Markus wird an die Stadtverwaltung schreiben um die Festlegung auf Einhaltung von maximal 1 ½ geschossigen Bauten in dem betroffenen Gebiet zu erwirken.
Ein weiterer Beitrag befasste sich mit der Verkehrsproblematik an der Einmündung „Schmiedeweg/Taruper Hauptstraße“. Die Beschilderung des Fußweges und die Regelung für Radfahrer werden häufig, auch durch erwachsene Radfahrer ignoriert. Es wird darum gebeten, dass über das TBZ die Aufstellung eines Spiegels auf der gegenüberliegenden Straßenseite, ähnlich wie an der Einmündung „Bäckerweg/Taruper Hauptstraße“ eingefordert wird.

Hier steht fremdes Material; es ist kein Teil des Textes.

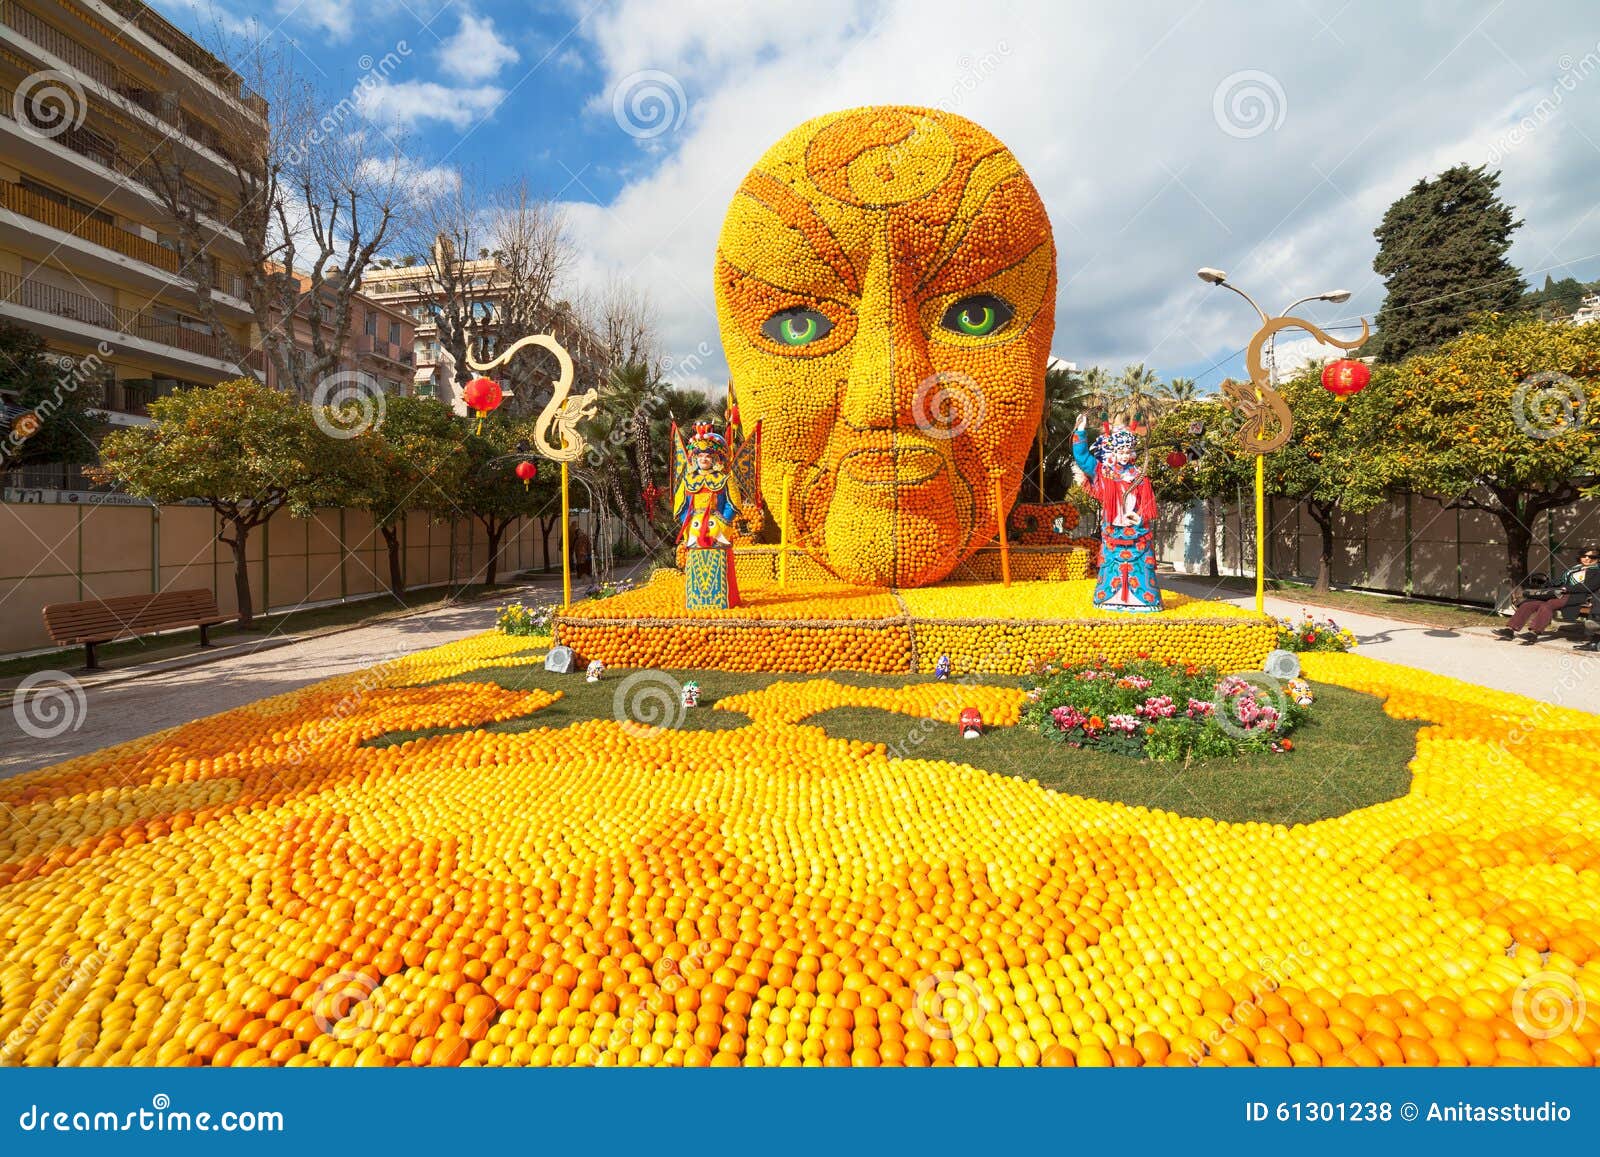 Zitronen-Festival 2015 Menton, Frankreich Redaktionelles Stockfoto ...

Es wurde angefragt, warum die Straßenausbaubeiträge immer noch auf die Bürger umgelegt werden. Uli führt dazu aus, dass die CDU im Landtagswahlkampf zwar versprochen hat, diese Beiträge abzuschaffen, nach der Wahl jedoch die Entscheidung darüber auf die Kommunen abgewälzt hat. Flensburg erhebt nach wie vor die Straßenausbaubeiträge.
Dabei stellt Hubert klar, dass zwischen TBZ und den Stadtwerken immer die entsprechenden Absprachen bezüglich der erforderlichen Maßnahmen erfolgen. Wenn Erneuerungen an Rohrleitungen, Kabeln etc. erfolgen müssen, wird das TBZ auch entsprechend später die Erneuerung/Sanierung der Straße einleiten. Bei diesen Erneuerungen/Sanierungen können in Flensburg auch Bürger betroffen sein.
Letzter Punkt war der Sachstand bezüglich des 4. Bauabschnitts der „K8“.
Stefan Hufe führt zu den bisherigen Gerichtsterminen sowie den Gesprächen zwischen Ingo Knop und der Oberbürgermeisterin aus.
Gegen 21:45 Uhr war der offizielle Teil beendet.